### ACTION ITEM
Reproduce the records exactly, beginning with their first line and ending with the line that contains "Hussein Salim - Untitled, 70 x 100cm", and output nothing more.

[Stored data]

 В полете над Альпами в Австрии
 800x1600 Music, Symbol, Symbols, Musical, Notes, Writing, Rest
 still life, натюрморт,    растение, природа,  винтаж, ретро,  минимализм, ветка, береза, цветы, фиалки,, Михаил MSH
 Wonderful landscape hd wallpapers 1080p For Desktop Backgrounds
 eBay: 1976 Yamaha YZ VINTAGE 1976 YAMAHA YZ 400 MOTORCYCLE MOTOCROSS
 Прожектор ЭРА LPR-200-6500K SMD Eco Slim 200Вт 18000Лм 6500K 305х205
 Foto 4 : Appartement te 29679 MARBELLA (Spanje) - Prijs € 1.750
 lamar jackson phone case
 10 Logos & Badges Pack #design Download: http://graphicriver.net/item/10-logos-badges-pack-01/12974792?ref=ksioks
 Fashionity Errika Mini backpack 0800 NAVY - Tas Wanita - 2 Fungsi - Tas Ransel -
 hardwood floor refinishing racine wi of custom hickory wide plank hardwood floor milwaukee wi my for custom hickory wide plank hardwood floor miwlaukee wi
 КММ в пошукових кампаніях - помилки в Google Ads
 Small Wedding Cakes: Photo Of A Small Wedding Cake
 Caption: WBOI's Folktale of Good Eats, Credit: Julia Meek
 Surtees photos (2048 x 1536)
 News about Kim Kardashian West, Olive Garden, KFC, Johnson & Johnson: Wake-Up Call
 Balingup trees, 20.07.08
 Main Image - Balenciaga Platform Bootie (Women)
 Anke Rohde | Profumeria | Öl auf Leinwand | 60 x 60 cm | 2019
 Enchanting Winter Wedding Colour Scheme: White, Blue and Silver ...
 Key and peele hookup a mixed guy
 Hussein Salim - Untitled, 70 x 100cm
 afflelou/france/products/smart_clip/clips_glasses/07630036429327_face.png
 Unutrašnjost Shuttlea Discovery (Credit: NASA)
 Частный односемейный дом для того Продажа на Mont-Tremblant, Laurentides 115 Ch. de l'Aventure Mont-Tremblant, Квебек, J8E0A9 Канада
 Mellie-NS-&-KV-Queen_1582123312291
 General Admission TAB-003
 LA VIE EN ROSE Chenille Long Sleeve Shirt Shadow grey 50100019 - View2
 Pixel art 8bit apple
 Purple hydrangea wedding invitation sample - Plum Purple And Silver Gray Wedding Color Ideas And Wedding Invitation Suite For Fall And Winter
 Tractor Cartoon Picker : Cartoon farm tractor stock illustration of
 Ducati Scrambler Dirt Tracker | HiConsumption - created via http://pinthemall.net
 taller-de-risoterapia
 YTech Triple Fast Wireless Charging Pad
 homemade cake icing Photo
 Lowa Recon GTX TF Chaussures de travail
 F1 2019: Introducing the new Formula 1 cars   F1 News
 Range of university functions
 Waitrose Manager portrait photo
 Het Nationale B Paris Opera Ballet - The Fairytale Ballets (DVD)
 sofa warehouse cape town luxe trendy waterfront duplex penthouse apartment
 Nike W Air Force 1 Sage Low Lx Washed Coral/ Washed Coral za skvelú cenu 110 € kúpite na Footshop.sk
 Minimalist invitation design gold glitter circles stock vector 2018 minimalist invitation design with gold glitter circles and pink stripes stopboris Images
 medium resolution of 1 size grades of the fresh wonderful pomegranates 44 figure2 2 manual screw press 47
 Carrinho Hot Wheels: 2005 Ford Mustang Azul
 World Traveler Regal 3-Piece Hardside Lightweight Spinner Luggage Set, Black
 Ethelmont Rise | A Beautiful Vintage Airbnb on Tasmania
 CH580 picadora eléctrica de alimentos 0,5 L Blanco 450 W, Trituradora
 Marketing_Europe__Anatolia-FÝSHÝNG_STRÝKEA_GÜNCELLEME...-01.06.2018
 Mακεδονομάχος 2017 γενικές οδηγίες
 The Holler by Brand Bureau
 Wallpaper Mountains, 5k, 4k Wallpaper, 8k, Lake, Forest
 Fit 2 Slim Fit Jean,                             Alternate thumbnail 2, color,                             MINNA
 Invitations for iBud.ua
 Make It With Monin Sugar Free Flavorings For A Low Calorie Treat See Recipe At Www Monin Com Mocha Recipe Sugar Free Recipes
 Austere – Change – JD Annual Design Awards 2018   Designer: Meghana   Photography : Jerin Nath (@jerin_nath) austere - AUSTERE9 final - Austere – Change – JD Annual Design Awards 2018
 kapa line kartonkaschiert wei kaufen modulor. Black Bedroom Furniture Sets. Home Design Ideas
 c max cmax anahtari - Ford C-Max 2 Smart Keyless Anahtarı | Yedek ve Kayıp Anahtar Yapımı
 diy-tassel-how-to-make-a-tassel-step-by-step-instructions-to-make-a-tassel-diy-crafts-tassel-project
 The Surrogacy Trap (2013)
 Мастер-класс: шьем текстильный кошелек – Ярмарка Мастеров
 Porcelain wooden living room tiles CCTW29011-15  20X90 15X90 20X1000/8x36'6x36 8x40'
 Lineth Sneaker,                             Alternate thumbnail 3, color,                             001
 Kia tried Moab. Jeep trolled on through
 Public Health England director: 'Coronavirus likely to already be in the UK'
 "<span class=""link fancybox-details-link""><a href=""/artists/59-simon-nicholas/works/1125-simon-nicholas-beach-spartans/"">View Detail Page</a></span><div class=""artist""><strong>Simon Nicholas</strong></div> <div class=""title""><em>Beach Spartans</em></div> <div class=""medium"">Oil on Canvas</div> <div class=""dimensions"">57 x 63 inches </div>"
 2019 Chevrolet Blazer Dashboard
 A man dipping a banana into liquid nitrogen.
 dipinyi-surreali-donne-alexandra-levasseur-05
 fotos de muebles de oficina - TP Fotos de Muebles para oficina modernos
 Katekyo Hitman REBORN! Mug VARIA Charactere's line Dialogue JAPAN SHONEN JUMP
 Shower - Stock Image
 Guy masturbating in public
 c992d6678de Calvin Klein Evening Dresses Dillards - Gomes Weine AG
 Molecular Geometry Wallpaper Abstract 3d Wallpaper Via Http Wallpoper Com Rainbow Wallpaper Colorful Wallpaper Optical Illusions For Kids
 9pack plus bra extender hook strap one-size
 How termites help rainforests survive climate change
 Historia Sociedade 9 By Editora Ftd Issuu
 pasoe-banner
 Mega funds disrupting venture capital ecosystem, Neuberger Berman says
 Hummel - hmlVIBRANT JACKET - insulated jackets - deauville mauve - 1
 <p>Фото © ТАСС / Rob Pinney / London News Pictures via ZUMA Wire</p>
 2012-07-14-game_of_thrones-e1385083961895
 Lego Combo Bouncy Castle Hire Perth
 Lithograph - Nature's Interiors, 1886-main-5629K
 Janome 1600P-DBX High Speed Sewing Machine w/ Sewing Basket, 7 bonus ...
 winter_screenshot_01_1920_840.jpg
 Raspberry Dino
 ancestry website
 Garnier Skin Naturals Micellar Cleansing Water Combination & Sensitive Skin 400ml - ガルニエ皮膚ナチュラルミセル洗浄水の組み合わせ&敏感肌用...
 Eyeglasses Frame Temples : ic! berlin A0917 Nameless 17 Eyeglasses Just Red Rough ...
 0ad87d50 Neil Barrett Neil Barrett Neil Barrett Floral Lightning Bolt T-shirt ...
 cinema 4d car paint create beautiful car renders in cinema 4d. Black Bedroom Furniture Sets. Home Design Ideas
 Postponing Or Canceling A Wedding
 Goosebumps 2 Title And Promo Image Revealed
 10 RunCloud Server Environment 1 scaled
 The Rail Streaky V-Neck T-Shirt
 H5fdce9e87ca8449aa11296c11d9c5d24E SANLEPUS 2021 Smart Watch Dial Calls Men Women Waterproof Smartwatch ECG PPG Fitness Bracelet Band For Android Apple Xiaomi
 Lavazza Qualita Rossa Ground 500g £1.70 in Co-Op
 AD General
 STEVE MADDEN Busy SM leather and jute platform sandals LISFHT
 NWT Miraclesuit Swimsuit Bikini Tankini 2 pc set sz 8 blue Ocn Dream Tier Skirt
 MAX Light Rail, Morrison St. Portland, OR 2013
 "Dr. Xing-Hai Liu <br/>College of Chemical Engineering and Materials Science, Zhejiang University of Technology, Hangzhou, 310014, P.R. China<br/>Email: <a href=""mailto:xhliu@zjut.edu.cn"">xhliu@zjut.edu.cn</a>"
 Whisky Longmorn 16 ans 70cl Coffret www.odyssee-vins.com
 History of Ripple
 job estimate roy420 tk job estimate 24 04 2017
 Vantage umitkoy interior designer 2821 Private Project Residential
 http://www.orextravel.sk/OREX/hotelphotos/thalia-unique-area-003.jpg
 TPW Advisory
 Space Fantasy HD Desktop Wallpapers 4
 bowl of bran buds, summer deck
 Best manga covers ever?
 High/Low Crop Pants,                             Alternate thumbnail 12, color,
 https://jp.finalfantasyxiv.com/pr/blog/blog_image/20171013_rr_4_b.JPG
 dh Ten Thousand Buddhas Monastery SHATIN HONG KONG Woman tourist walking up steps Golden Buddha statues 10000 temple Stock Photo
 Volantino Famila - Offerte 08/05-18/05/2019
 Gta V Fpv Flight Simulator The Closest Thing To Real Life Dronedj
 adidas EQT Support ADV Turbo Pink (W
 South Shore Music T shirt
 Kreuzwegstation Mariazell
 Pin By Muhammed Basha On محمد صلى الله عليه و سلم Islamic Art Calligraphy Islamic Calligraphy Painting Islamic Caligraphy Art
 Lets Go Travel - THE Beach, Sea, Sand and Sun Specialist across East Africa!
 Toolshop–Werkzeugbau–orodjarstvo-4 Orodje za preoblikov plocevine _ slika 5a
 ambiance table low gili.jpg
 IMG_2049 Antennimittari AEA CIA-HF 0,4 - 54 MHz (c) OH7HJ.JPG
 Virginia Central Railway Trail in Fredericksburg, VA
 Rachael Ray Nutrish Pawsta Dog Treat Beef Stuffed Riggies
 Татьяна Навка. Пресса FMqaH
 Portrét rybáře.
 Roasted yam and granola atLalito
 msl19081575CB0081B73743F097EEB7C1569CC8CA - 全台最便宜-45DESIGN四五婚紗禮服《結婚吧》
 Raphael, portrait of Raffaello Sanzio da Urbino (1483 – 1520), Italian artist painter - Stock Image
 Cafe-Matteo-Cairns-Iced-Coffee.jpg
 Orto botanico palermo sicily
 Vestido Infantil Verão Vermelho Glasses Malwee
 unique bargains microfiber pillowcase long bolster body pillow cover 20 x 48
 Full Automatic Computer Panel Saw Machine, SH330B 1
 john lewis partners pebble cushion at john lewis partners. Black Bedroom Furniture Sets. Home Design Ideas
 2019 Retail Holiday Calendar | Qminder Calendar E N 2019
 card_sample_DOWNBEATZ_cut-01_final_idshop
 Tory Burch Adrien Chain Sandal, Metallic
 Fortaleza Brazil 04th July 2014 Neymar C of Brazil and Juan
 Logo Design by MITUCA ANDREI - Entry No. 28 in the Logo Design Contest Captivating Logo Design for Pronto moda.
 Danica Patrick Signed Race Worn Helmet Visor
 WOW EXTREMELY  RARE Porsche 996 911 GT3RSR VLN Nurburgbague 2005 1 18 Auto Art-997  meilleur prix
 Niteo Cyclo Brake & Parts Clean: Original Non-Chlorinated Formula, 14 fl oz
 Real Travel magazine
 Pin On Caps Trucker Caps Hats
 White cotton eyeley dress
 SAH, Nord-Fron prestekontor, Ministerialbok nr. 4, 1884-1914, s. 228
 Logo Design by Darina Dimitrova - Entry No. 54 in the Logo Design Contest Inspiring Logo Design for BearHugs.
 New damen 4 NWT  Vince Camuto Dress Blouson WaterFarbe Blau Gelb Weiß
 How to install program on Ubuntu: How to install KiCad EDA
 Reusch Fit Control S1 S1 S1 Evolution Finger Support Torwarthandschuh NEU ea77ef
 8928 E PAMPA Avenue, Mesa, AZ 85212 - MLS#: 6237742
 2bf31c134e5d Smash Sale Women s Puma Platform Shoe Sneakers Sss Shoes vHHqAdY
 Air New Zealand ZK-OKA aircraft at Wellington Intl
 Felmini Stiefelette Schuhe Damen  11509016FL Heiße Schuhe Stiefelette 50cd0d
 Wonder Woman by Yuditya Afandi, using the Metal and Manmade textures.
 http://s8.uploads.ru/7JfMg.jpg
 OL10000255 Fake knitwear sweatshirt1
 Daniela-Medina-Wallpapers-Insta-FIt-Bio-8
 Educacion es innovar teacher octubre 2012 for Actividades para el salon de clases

### ANSWER TO THE PROBLEM
 В полете над Альпами в Австрии
 800x1600 Music, Symbol, Symbols, Musical, Notes, Writing, Rest
 still life, натюрморт,    растение, природа,  винтаж, ретро,  минимализм, ветка, береза, цветы, фиалки,, Михаил MSH
 Wonderful landscape hd wallpapers 1080p For Desktop Backgrounds
 eBay: 1976 Yamaha YZ VINTAGE 1976 YAMAHA YZ 400 MOTORCYCLE MOTOCROSS
 Прожектор ЭРА LPR-200-6500K SMD Eco Slim 200Вт 18000Лм 6500K 305х205
 Foto 4 : Appartement te 29679 MARBELLA (Spanje) - Prijs € 1.750
 lamar jackson phone case
 10 Logos & Badges Pack #design Download: http://graphicriver.net/item/10-logos-badges-pack-01/12974792?ref=ksioks
 Fashionity Errika Mini backpack 0800 NAVY - Tas Wanita - 2 Fungsi - Tas Ransel -
 hardwood floor refinishing racine wi of custom hickory wide plank hardwood floor milwaukee wi my for custom hickory wide plank hardwood floor miwlaukee wi
 КММ в пошукових кампаніях - помилки в Google Ads
 Small Wedding Cakes: Photo Of A Small Wedding Cake
 Caption: WBOI's Folktale of Good Eats, Credit: Julia Meek
 Surtees photos (2048 x 1536)
 News about Kim Kardashian West, Olive Garden, KFC, Johnson & Johnson: Wake-Up Call
 Balingup trees, 20.07.08
 Main Image - Balenciaga Platform Bootie (Women)
 Anke Rohde | Profumeria | Öl auf Leinwand | 60 x 60 cm | 2019
 Enchanting Winter Wedding Colour Scheme: White, Blue and Silver ...
 Key and peele hookup a mixed guy
 Hussein Salim - Untitled, 70 x 100cm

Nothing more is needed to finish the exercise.